Одного взгляда на Марго было достаточно, чтобы убедиться, что покамест с ней все в порядке.
Барни достал из кухонного шкафа аптечку первой помощи. В небольшом пластиковом пакете оказались тампоны, баночка дистиллированной воды, чистые пузырьки из-под таблеток.
С огромной осторожностью он снял несколько чешуек засохшей слюны с помощью смоченного водой тампона. Тампон он положил в чистый пузырек. Вытащил волосы из пряжки и положил в другой пузырек.
Потом прижал большой палец к клейким концам двух кусочков липкой ленты, оба раза оставив четкие отпечатки, и заклеил лентой крышки пузырьков.
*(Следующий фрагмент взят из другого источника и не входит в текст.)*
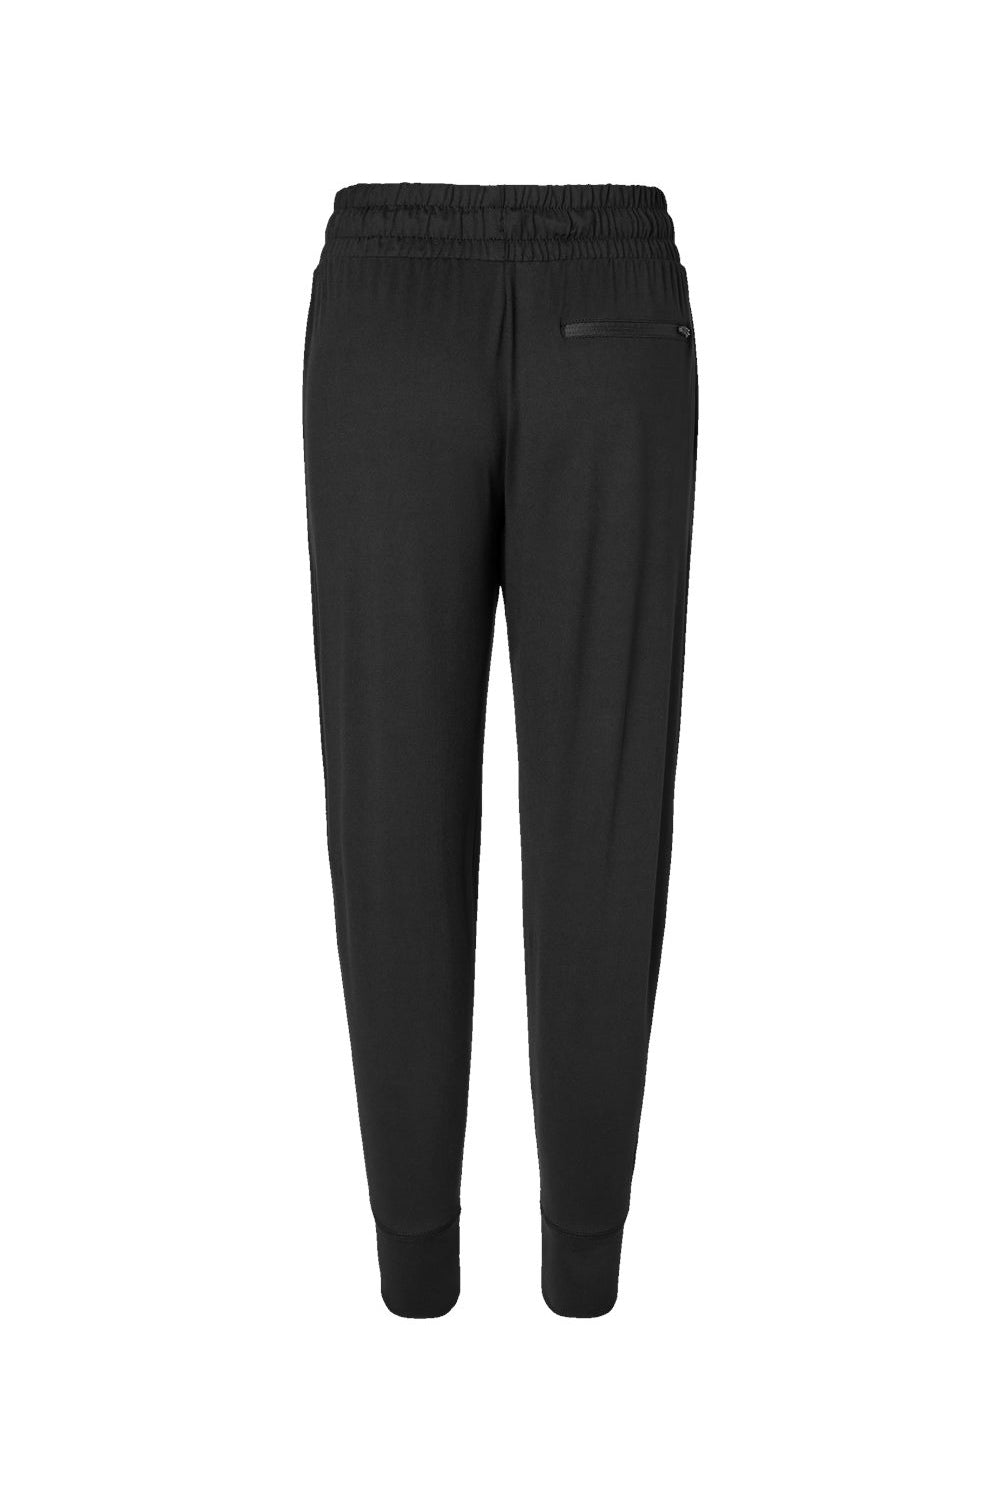 Holloway 222799 Womens Eco Revive Ventura Jogger Sweatpants w/ Pockets Black Flat Back

И передал Марго оба, сложив их в один пакетик.
– Предположим, я попаду в какую-нибудь скверную историю и совсем потеряю голову и начну на тебя «катить», ну, скажем, попробую впарить полиции про тебя какую-нибудь гадость, чтобы с меня сняли часть обвинений. Вот это – доказательства того, что я был, по меньшей мере, соучастником убийства Мэйсона Верже и даже, может быть, все сделал сам. На самый крайний случай – я дал тебе образцы ДНК доктора Лектера.
– Да тебя же все равно освободят от ответственности, еще до того как ты начнешь колоться.
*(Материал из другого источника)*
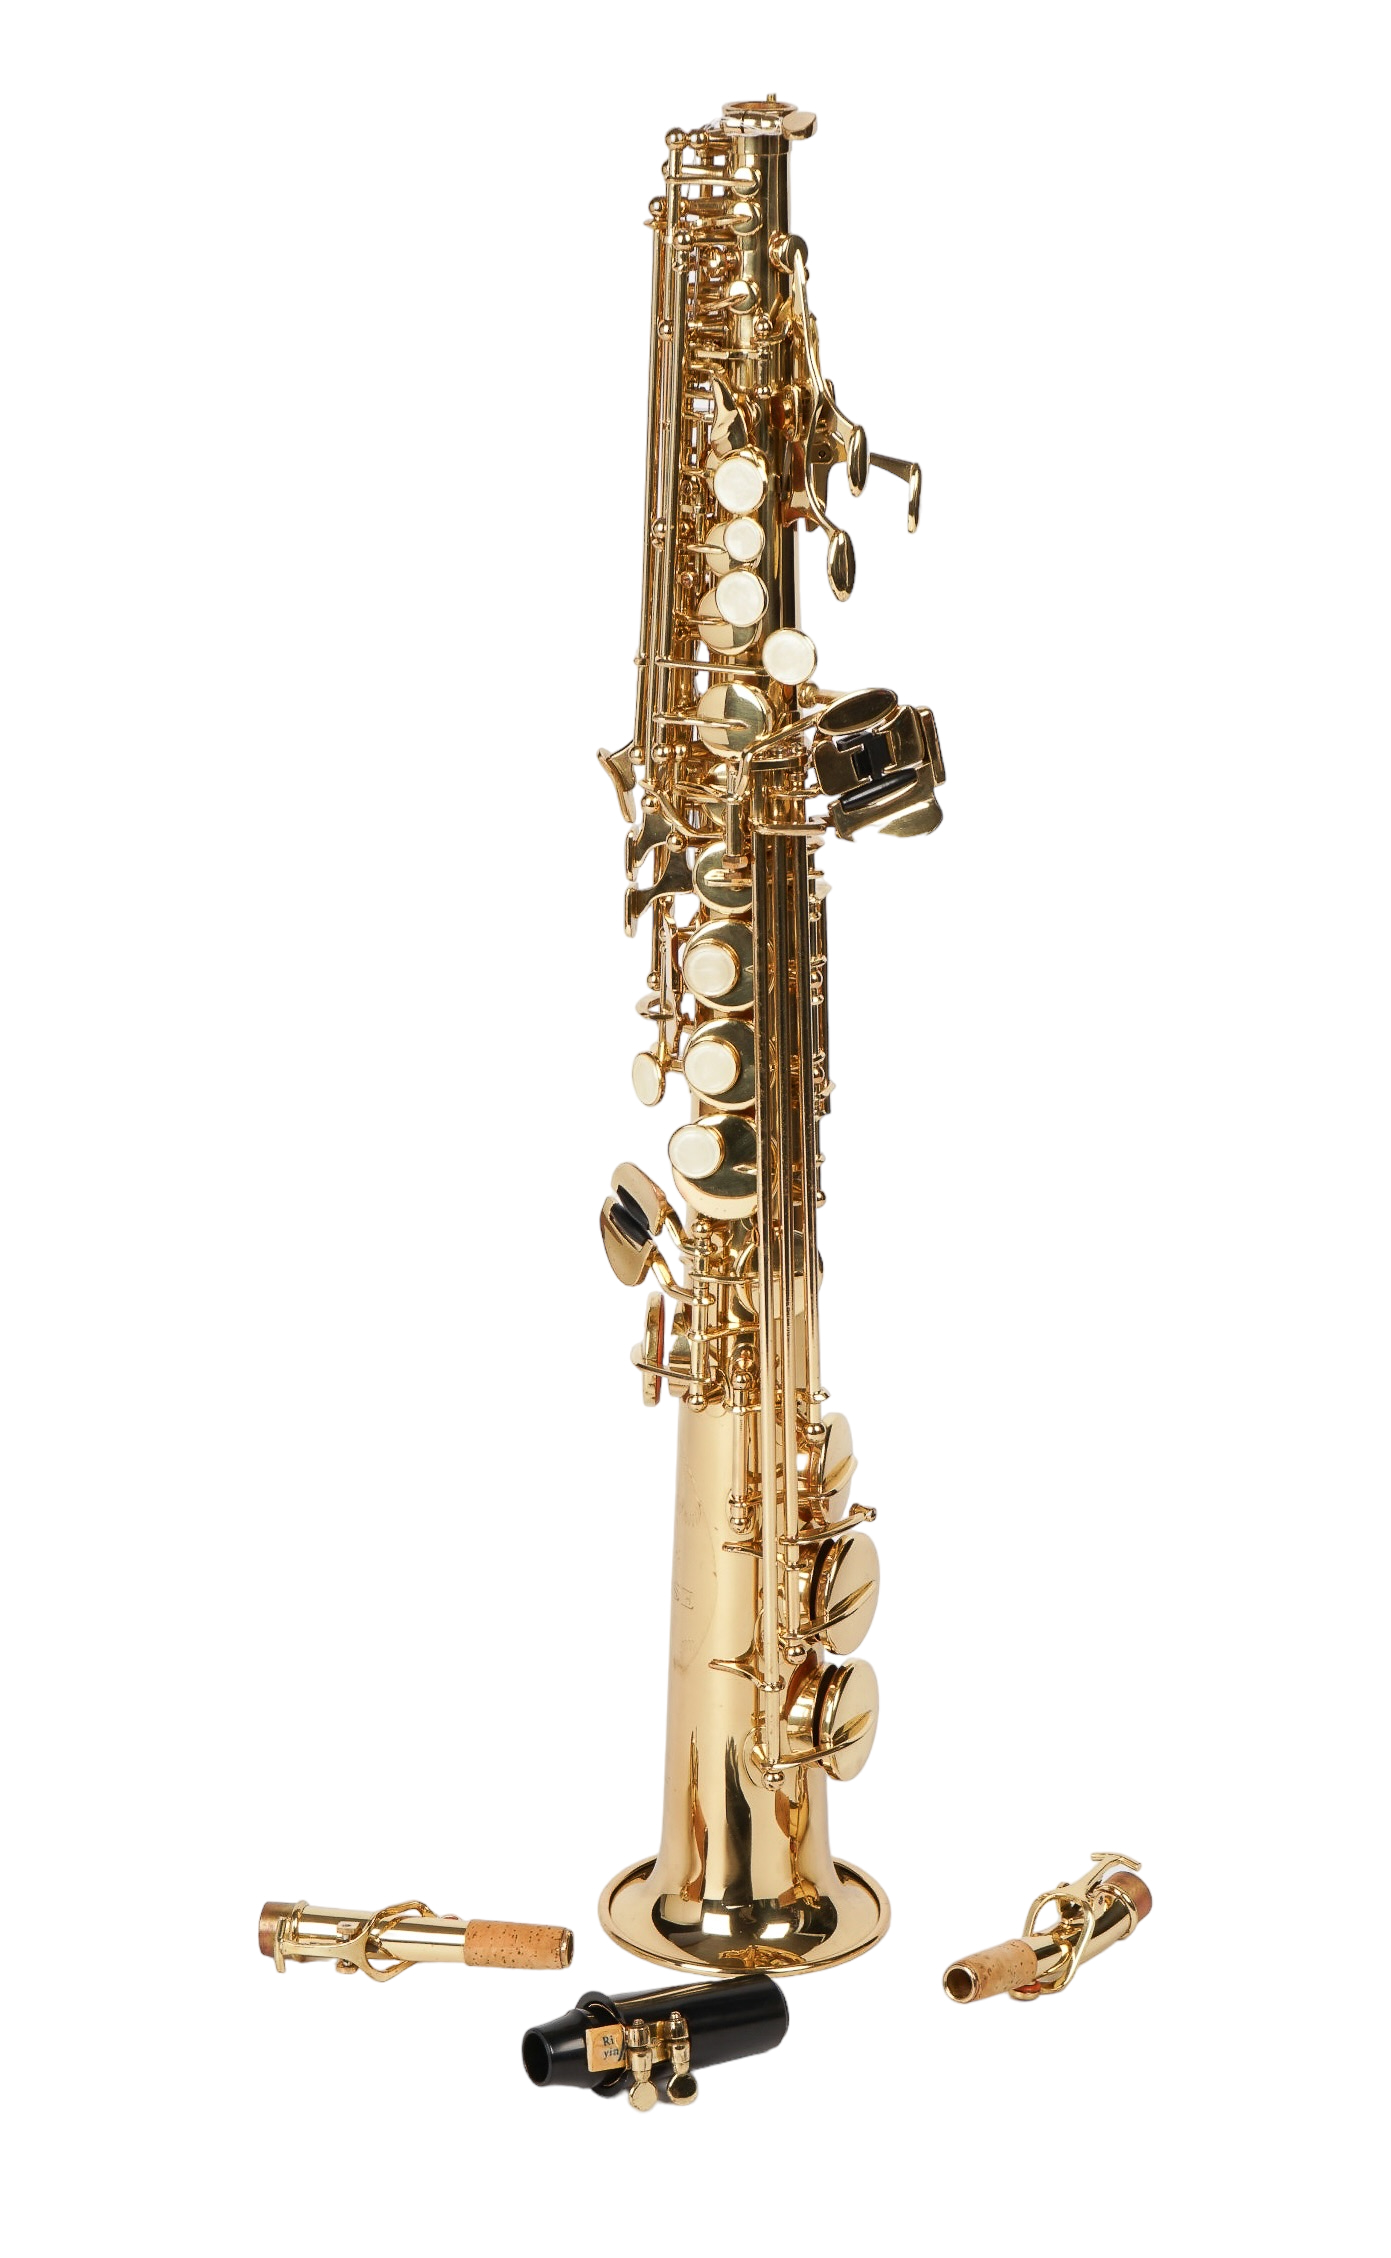 Sunrise soprano saxophone, with two

– Может быть, но только по статье «заговор с целью убийства», а вовсе не за прямое соучастие в убийстве, вокруг которого поднялась такая шумиха. Они могут мне пообещать иммунитет в смысле обвинения в заговоре, а потом надуют меня, когда поймут, что я уже все выложил. И тогда я совсем пропал. Так что я теперь в твоих руках.
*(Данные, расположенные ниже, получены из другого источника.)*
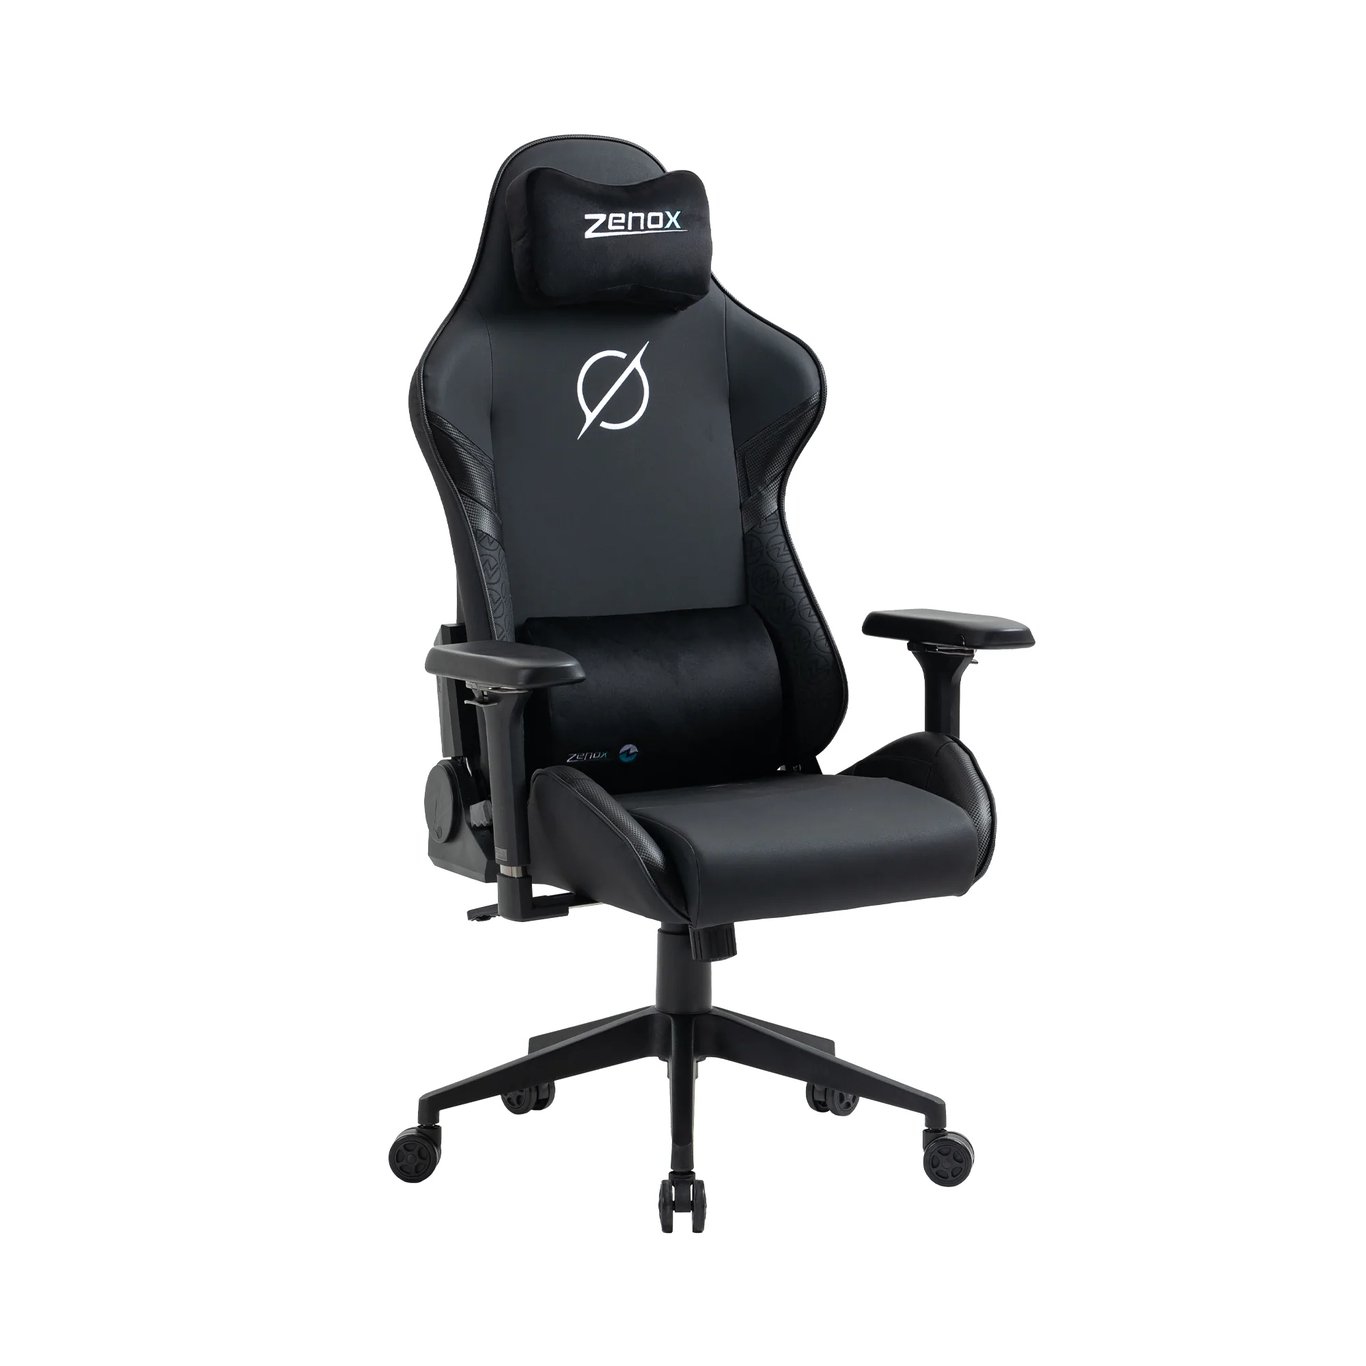 Zenox Saturn-MK2 Racing Chair 電競椅 - Leather/Carbon 皮面/碳黑

Барни и сам не был во всем этом до конца уверен, но полагал, что его слова звучат достаточно убедительно.
Она ведь могла бы в любой момент подложить эти образчики ДНК Лектера на мертвое тело Барни, когда ей только заблагорассудится, и оба они прекрасно это понимали.
Марго смотрела на него, как могло показаться, очень-очень долго, не отводя взгляда своих ярко-голубых глаз мясника.
Потом она положила на стол свой пакет.
– Здесь куча денег, – сообщила она. – Хватит, чтобы увидеть всех Вермееров на свете. По одному разу. – Она выглядела теперь какой-то очень легкомысленной и странно счастливой. – У меня в машине сидит кошка Франклина, так что мне пора бежать. Франклин скоро выписывается из больницы, и в Маскрэт-Фарм нагрянет целая толпа народу – сам Франклин, его приемная мамаша, сестрица Ширли, еще какой-то малый по имени Стрингбин и еще Бог знает кто. Мне эта драная кошка обошлась в целых полсотни. Оказалось, она все это время жила по соседству со старым домом Франклина, правда под другой кличкой.
Она не стала класть пластиковый пакетик к себе в сумку, а так и понесла его в другой руке. Барни понял, что она просто не хочет ему демонстрировать то, что было в этой сумке приготовлено для него на случай иного исхода их разговора.
У двери он сказал:
– Думаю, я заслужил поцелуй.
Она поднялась на цыпочки и быстро поцеловала его в губы.
– Хватит и этого, – резко сказала она. Ступени заскрипели под ее тяжестью, когда она спускалась вниз.
Барни запер дверь и несколько долгих минут стоял, прижавшись лбом к прохладному боку холодильника.
ГЛАВА 99
Старлинг разбудили доносившиеся издали звуки камерной музыки и резкие и острые ароматы готовящейся пищи. Она чувствовала себя чудесно отдохнувшей, посвежевшей и очень голодной. Легкий стук в дверь – и в комнату вошел доктор Лектер в черных брюках, белой рубашке и галстуке-эскот с широкими концами. В руках он держал длинный чехол для одежды и чашку кофе-\"капуччино\".
– Хорошо поспали?
– Спасибо, просто отлично.
– Шеф-повар сообщил, что обед будет подан через полтора часа. Коктейли – через час. Вас это устраивает? Еще я подумал, что вам может понравиться вот это – примерьте, подойдет ли. – Он повесил чехол в стенной шкаф и вышел, не произнеся более ни звука.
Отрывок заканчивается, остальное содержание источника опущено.